Oh **** that's kind of bad. If you're under warranty I would think that trunk panel needs to be repaired and then replaced. If they won't though and you want to try to clean it I'd try some vinegar and a soft toothbrush. Wear a mask though cuz you don't wanna breath that stuff in.


----------



## mumbogray (Feb 6, 2019)

Blasirl said:


> _Condition_On certain 2016-2017 model year Chevrolet Cruze vehicles, the center high mount stop lamp (CHMSL) fasteners may back off over time and cause a water leak, allowing water to flow into the rear compartment battery tub. When the battery tub fills with water to a height of 50mm or more, the DC/DC converter module board and connector are exposed to water which may cause corrosion. If water drains below the DC/DC converter, a resistive short may occur on the printed circuit board which could result in an unattended fire when the DC/DC converter is powered._Correction_Dealers are to inspect for water damage in the battery tub electrical components, and replace the CHSML gaskets and nuts (adding Loctite to the nut).

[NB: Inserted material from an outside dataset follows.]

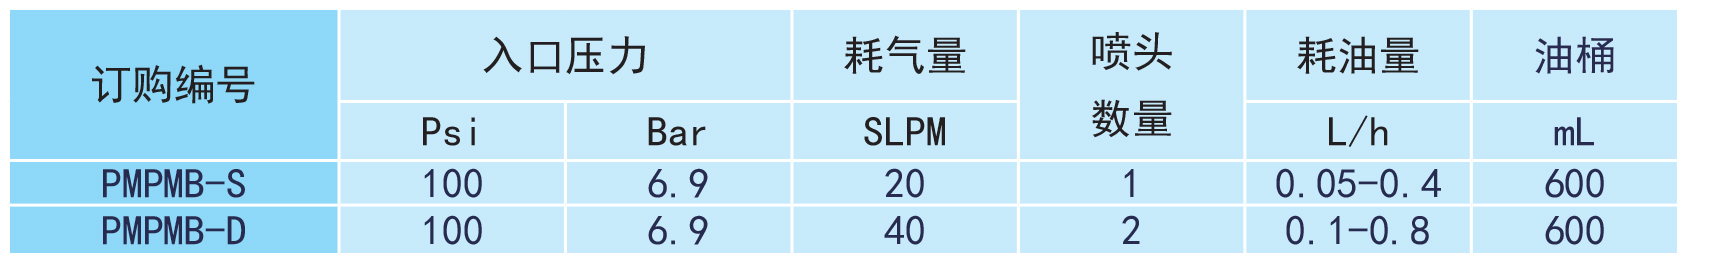 PMPMB微量润滑系统参数
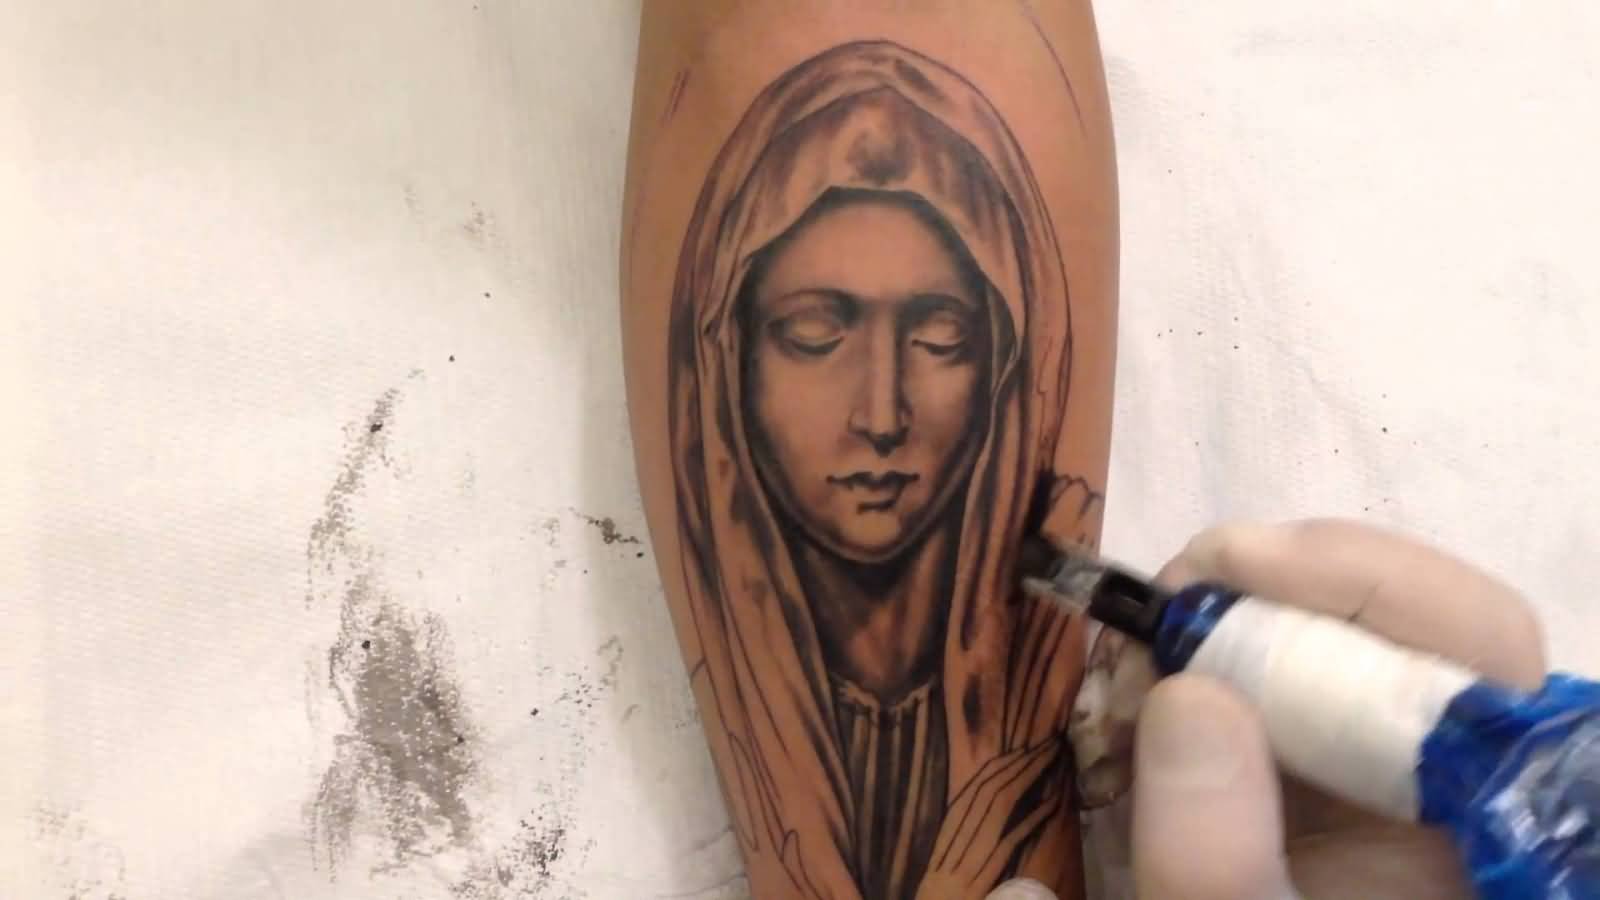 Татуировки Святая Дева Мария

Thank you. I wasn't expecting that the mold on the trunk hood liner would be caused by water in the battery compartment... but I took a look after work, and there is indeed a pool of water! I noticed it in the wheel well. My battery seemed dry; I couldn't find any water in that well. I have a weathertek trunk liner, so maybe that diverted it.

It is a red flag that you mention the CHMSL. I had a crack in mine, posted pics in a different thread. It was replaced only a few weeks ago. The dealer charged me for the repair out of warranty. I contacted Chevy Care and tried to get it replaced under warranty for Bulletin No. 16-NA-308. At the time I told them I was worried about water leaking, but I did not ask them to check the trunk, and I don't know if they did. I can't say for sure if the water started accumulating before or after the service, as I only recently noticed because of the mold.

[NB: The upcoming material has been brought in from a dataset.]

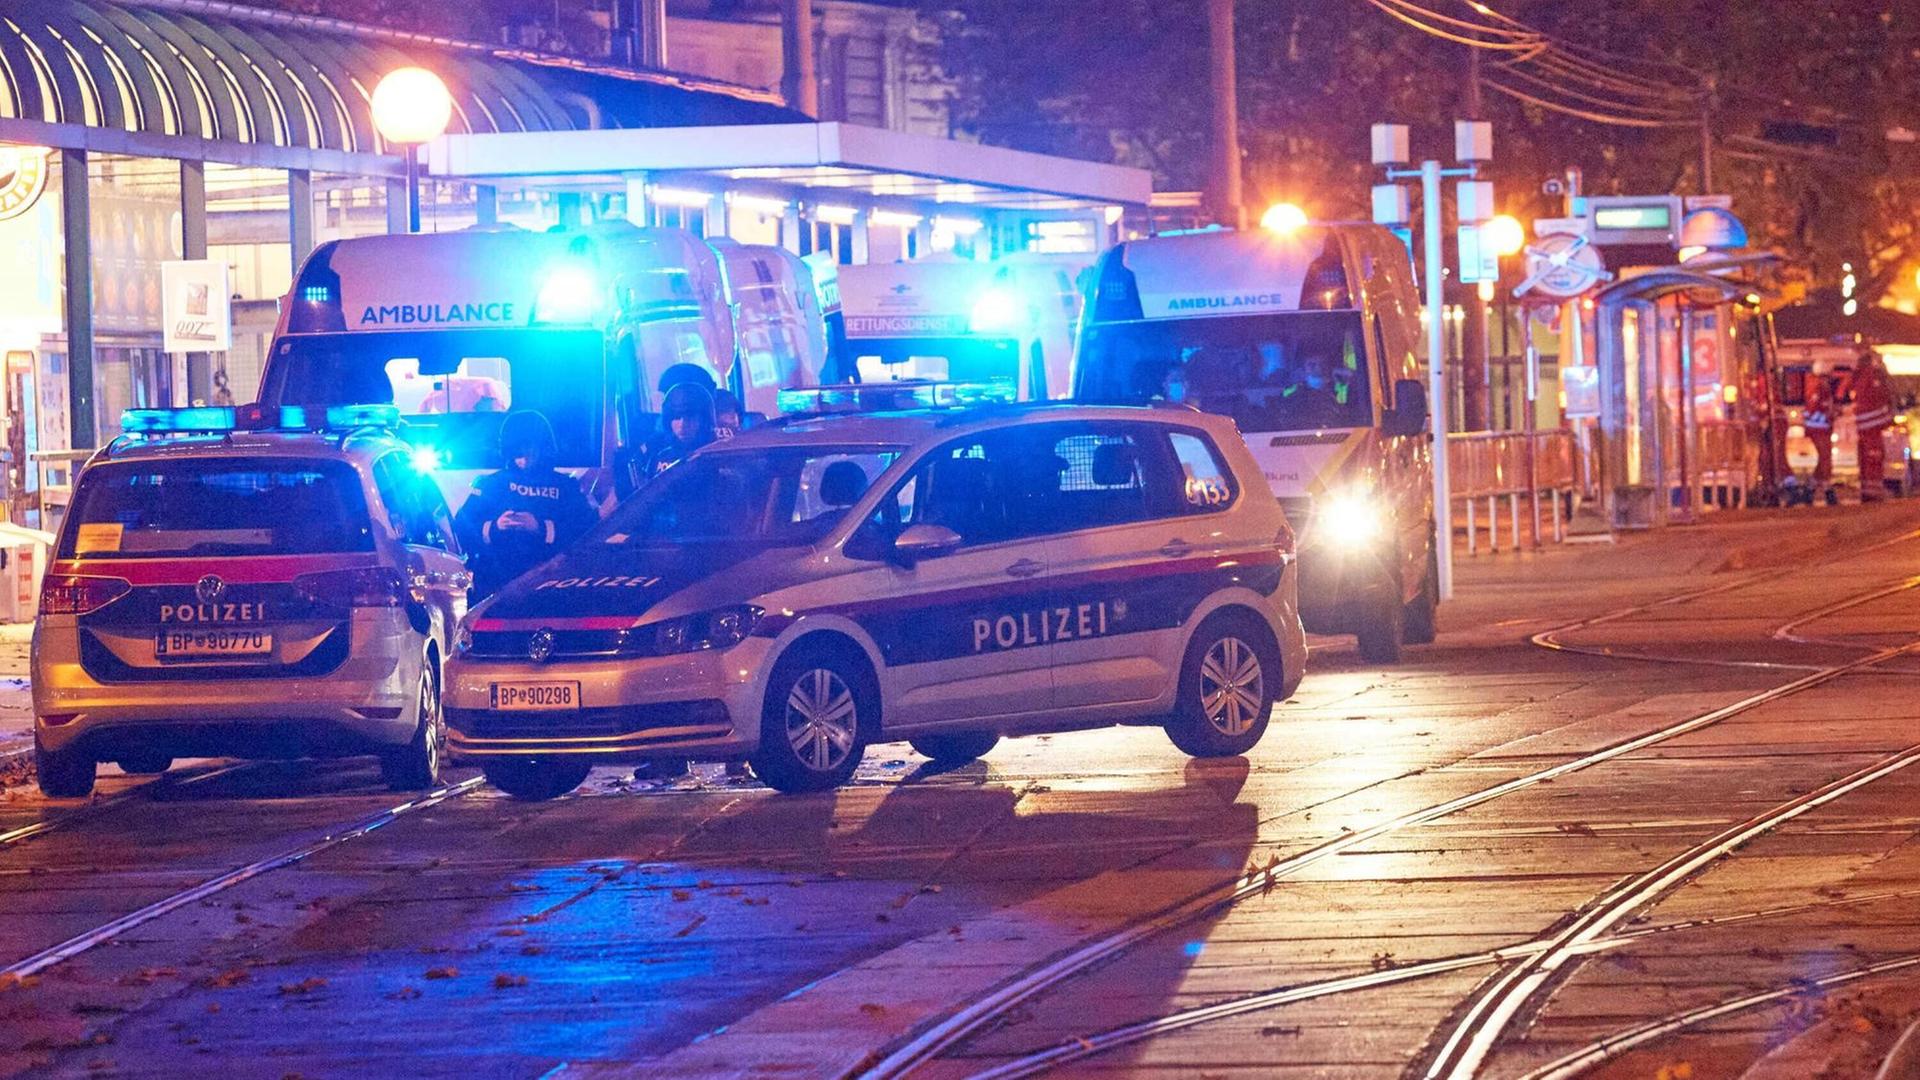 Am 2. November gab es einen Terroranschlag in der Wiener Innenstadt, ein Großaufgebot von Polizei und Rettung sind im Einsatz

Should I contact the same dealer that replaced the CHMSL and ask them to fix this? I was hoping to visit a different dealer, but I don't want to have to pay for this again.


----------



## Blasirl (Mar 31, 2015)

When was the last time you opened your trunk prior to finding the mold? I would at least go to the dealer to document it.


----------



## mumbogray (Feb 6, 2019)

I found the mold on Wed 6/12. I last used the trunk 4 days earlier on 6/8, and everything looked normal then. The brake light assembly was replaced on 4/22. I bought the car Jan 11th.

At the time the brake light assembly was replaced, I don't know if the proper steps to seal the piece were taken. I mentioned the TSB, but they stated my car didn't fall into that program.

When I visit the dealer this time, how should I go about asking them to perform the repair under the TSB? I saw the full details on gm.oemdtc.com, but the TSB is now removed due to a cease and desist. Any advice on where I should sign up to get a full list of TSB's for the Cruze?


----------



## jblackburn (Apr 14, 2012)

The brake light is the most common; it should be a RECALL listed for the car. As is the battery tub drain. This usually ends up with water in the battery compartment; if you see it elsewhere in the trunk, it's probably not the brake light.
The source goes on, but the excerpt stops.